На втором экране между Арсением Витальевичем Сухово и Витькой Гребнем заканчивался разговор "по душам".
После сеанса "волшебного фонаря" Витькино лицо было каким-то задумчивым и посветлевшим, я бы даже сказал — отчетливо побелевшим. Сошла чумазость, разгладился стариковский, в грязных морщинах лоб — одним словом, Витька похорошел.
"Я не добиваюсь от тебя раскаяния, — произнес Сухово, — а пытаюсь вместе с тобой разобраться, как ты дошел до жизни такой". — Витька Гребень насупился. Много в душе накопилось, в двух словах не передать. Арсений Витальевич не перебивая слушал горькую сбивчивую повесть мальчишки-беспризорника…
Собственно, самой "повести" не было.
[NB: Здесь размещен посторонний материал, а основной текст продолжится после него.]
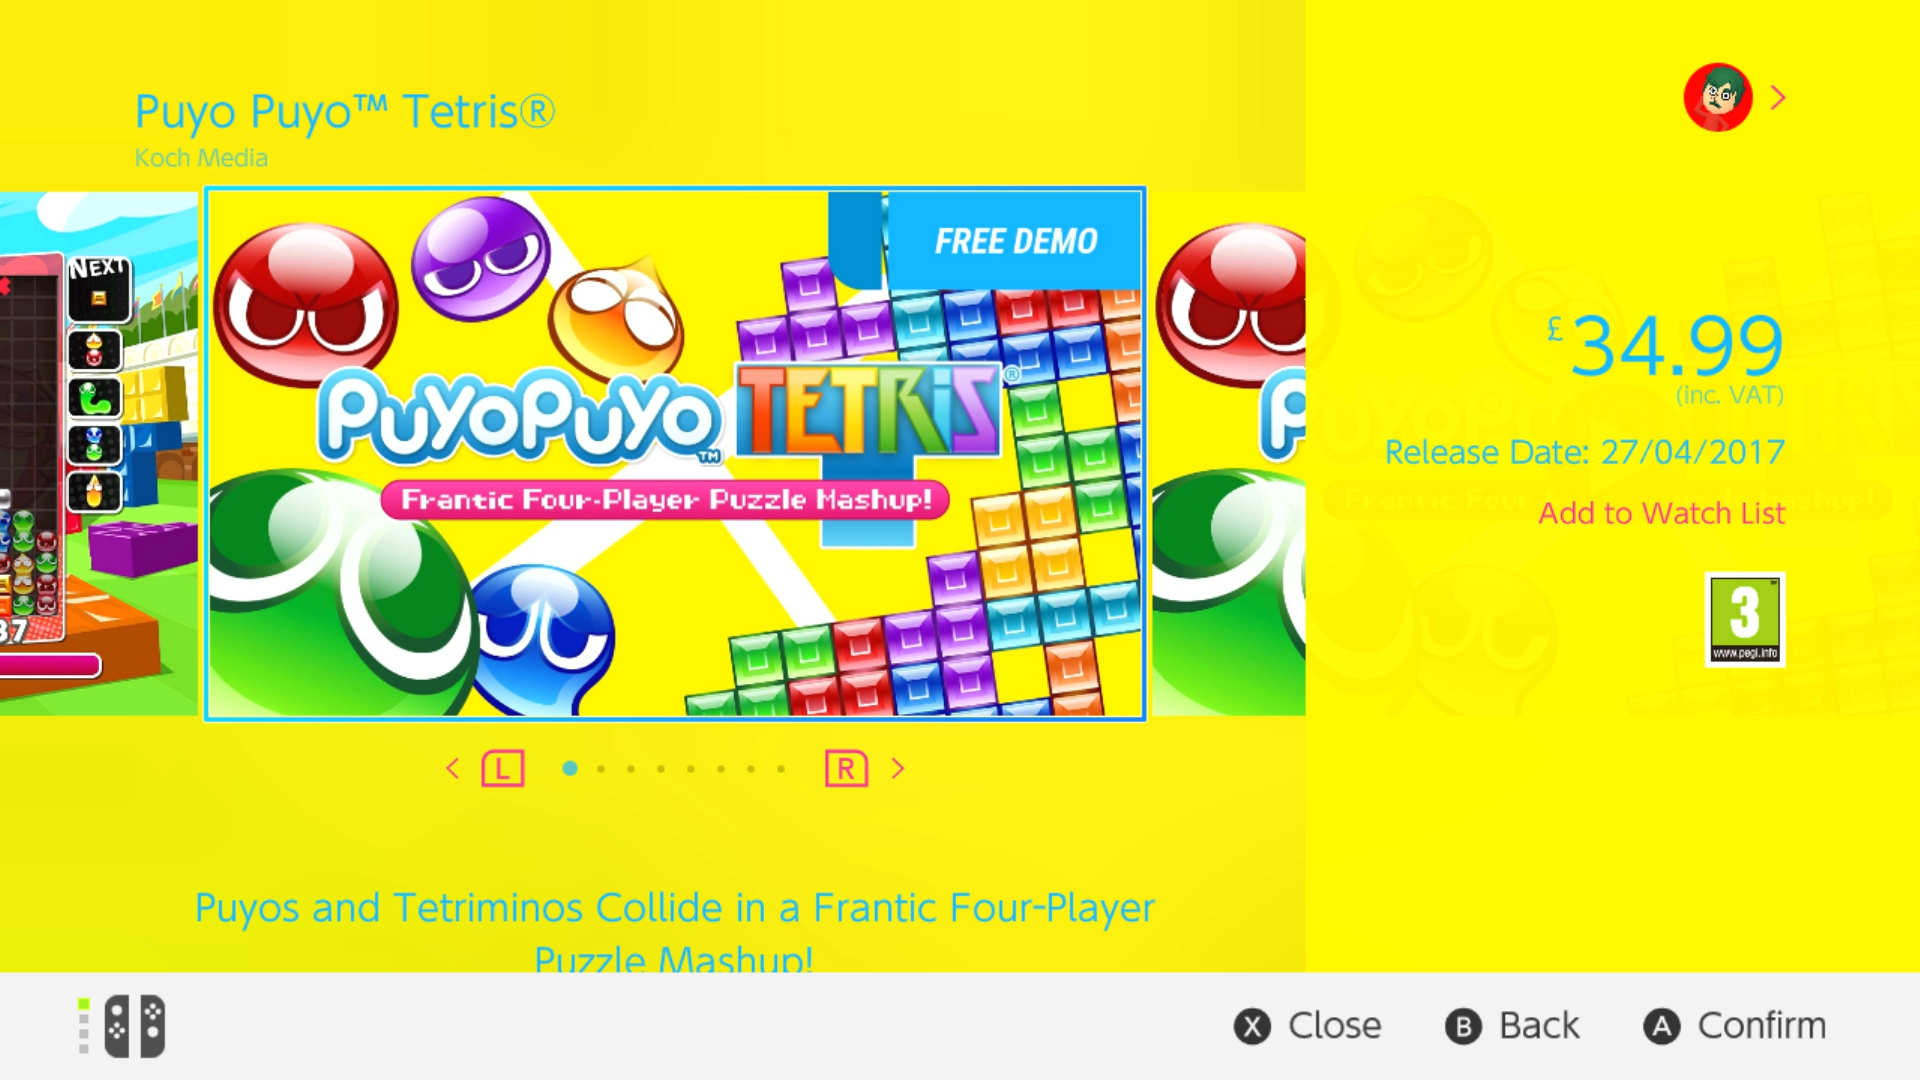 Puyo Puyo Tetris Screenshot 2017-04-10 12-35-05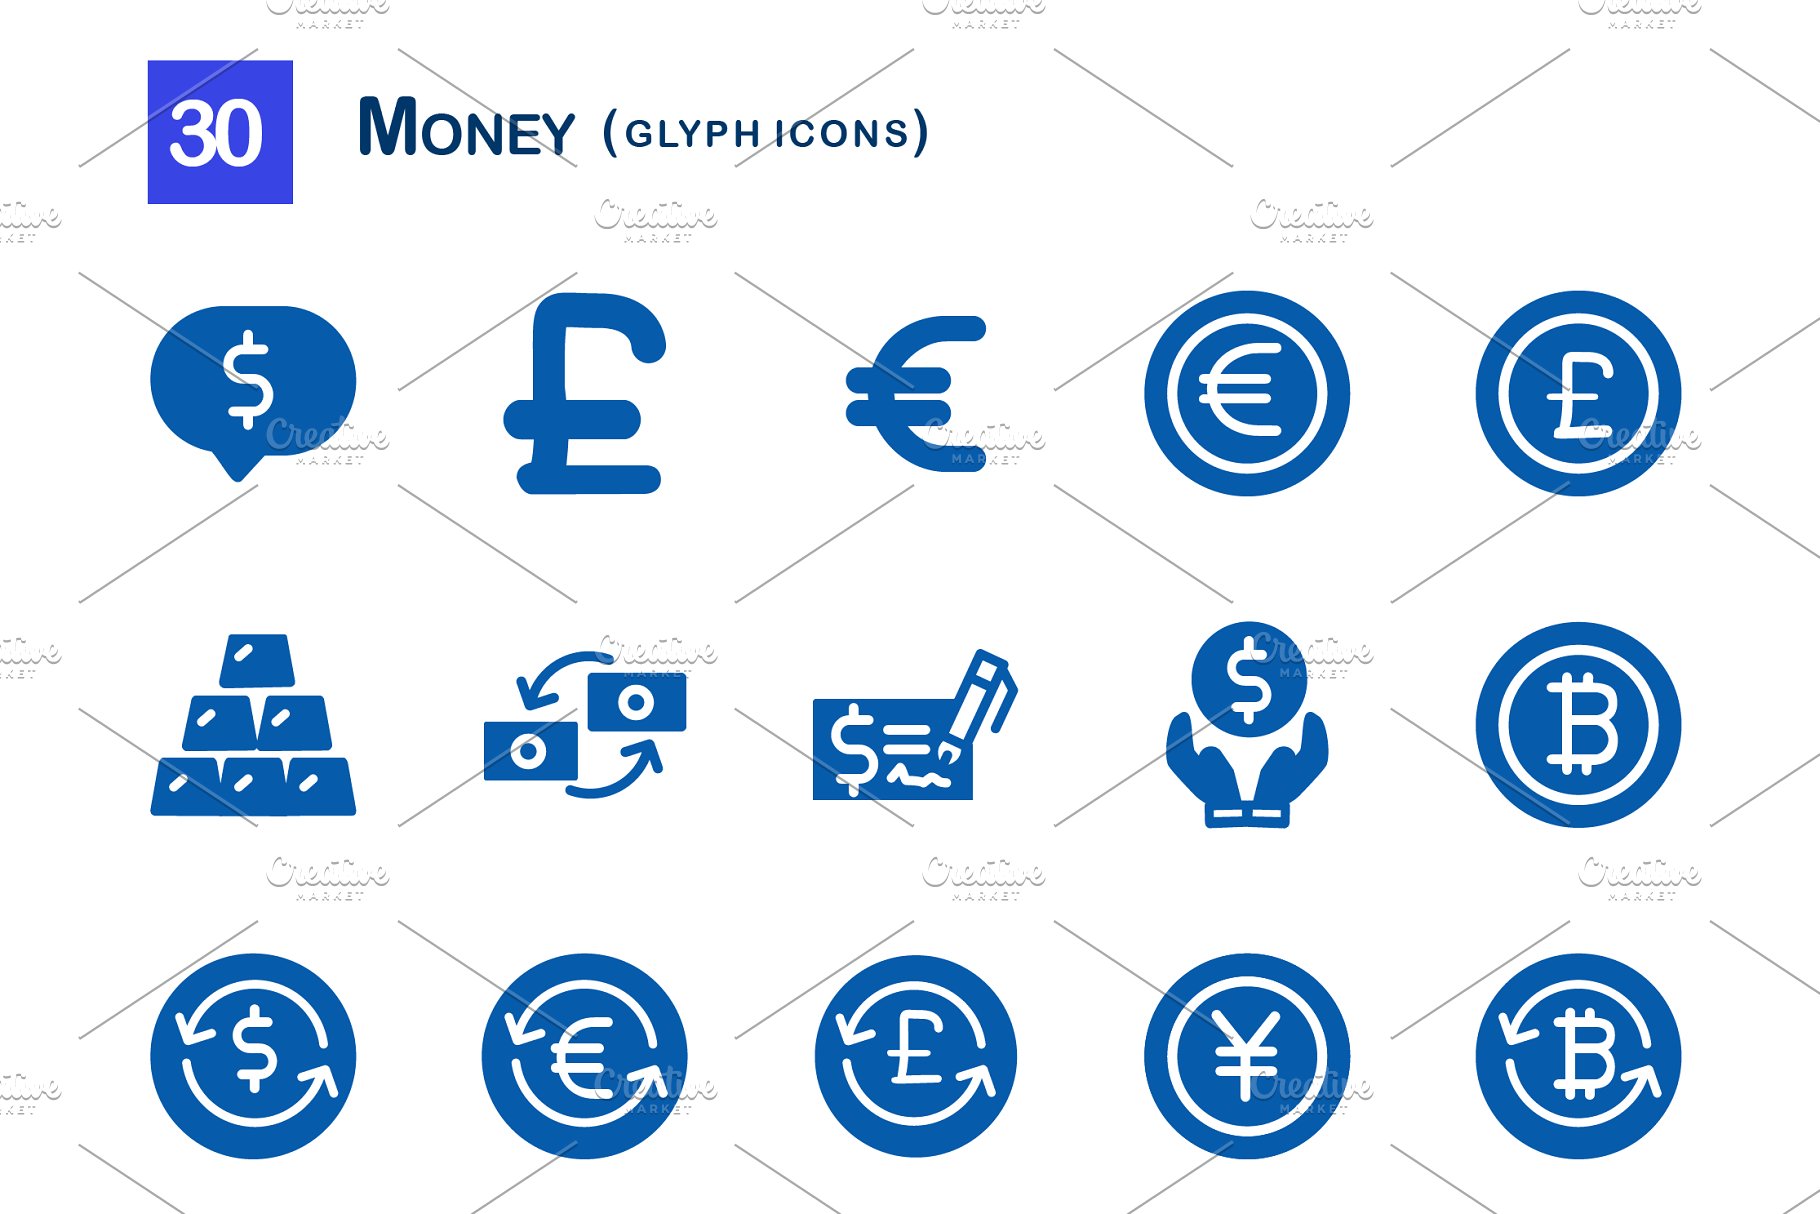 钱相关的图标 30 Money Glyph Icons #9

Вместо слов звучали трагичные, полные героизма аккорды — такими обычно или начинали, или заканчивали песни о Гражданской войне.
"Ты так молод, Виктор. У тебя все еще впереди. Да, было в твоей жизни всякое. Гопничал, был стремщиком у бандитов. Но мой опыт подсказывает, что люди, которым судьба смолоду надавала тумаков, крепче благополучных паинек. Тот, кто хлебнул горя, знает, почем фунт лиха, если однажды на верную дорогу станет — уже не собьется. Не дрейфь, хлопец! Исправимся. Будешь учиться, работать, встретишь девушку, полюбишь, создашь семью. Все образуется. Но пока придется потрудиться. Мы организуем реформаторий при Детской комнате милиции. Ну что, сынок, справимся?" — Витька кивнул, заулыбался: "Справимся!"
Сухово и Витька Гребень стояли перед дверью одноэтажного особняка. На стене дома мелом был выведен адрес "Пролетарская 3". Хоть и с трудом, но по фасаду я узнал Детскую комнату милиции № 7. Арсений Витальевич положил руку на понурое Витькино плечо.
Следующую картинку заслонила голова Алешки Разума. Он в точности повторял ту же позу, в которой сейчас находился я сам: грудь плашмя на коленях, голова вздернута, словно стоящий сзади Гребенюк взнуздал его, как лошадь.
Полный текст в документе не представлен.